At a very minimum, these findings refute the idea that Islamophobia is rampant in the US, at least out of proportion to other hate motivations, such as Judenhass amongst Muslims. For all we know, vast numbers of Americans bear secret grudges against Muslims, but as far as hatred that is strong enough to kill, Muslims are winning clearly in terms of absolute numbers, and certainly in terms of killings per capita (5 out of 200 million versus 35 out of 7 million; you can do the math.)

It would be extremely hard to fudge this to support the idea that unwarranted Islamophobia is a particular epidemic, which is probably why polemic and dazzling with bovine fecal matter are so popular.

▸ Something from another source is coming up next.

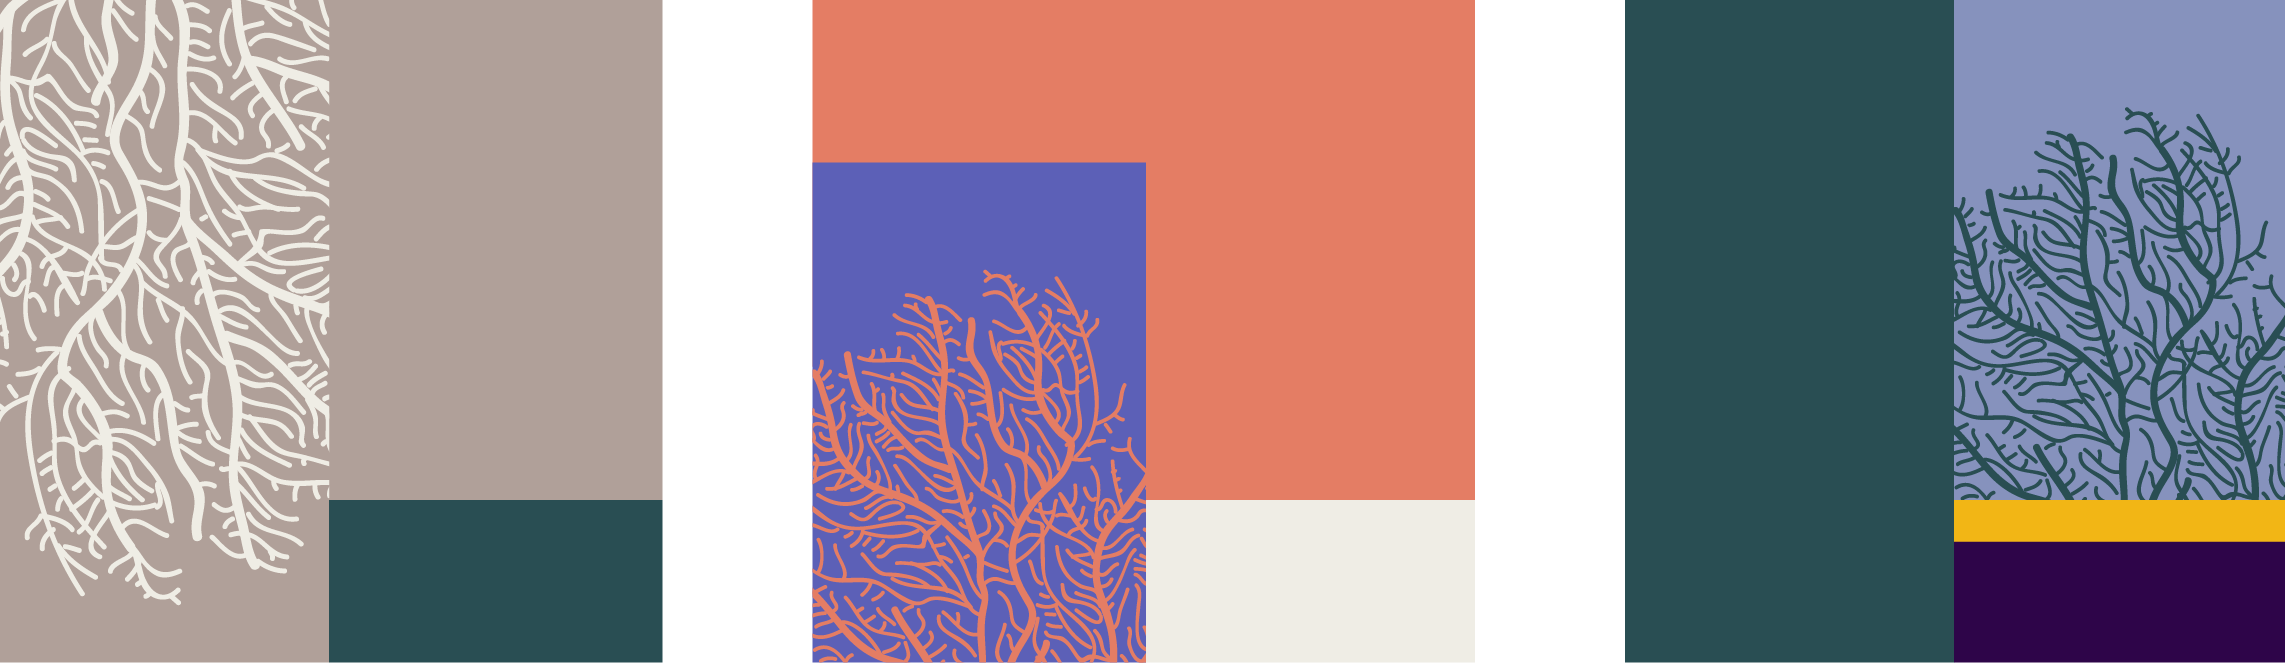 color/pattern blocks

What has actually happened does not support the idea that non-Muslim Americans are, relatively, so hugely murderous of Muslims.

But, talk about Christian killers of abortion doctors, put in a history of the KKK, talk about the Inquisition and the Crusades, Christian missionaries in Africa, and maybe you've got something. I am not accusing you of doing this, but I've seen it a lot, and when it happens, all we get is a shouting match between those people and people who do the same thing on "the other side."
 
has not intelligence gleaned through torture been proven to be notoriously inaccurate?

Absolutely, and really the CIA is full of people vehemently against it, and I'm totally against a lot of what has been done, I just don't disagree with it for the reasons that other people do. As a kind of way of doing business or a policy that's not what I'm about, and I'm sure there's some anti-scientific stuff going on at some level, these things are just way beyond the basic argument, that you can't 100% rule out torture.
 
Absolutely, and really the CIA is full of people vehemently against it, and I'm totally against a lot of what has been done, I just don't disagree with it for the reasons that other people do. As a kind of way of doing business or a policy that's not what I'm about, and I'm sure there's some anti-scientific stuff going on at some level, these things are just way beyond the basic argument, that you can't 100% rule out torture.

Why not?
 
It's quite simple really, anyone can imagine a situation where torturing someone would be the preferred ethical option. Apparently, most Senators etc support the ticking time bomb. If you have a choice between waterboarding someone and killing a lot of innocent people or losing a nuke to terrorists, you'll do it. I appreciate the arguments against torture, they don't outweigh this. I honestly don't know how people think they have a 100% argument against torture.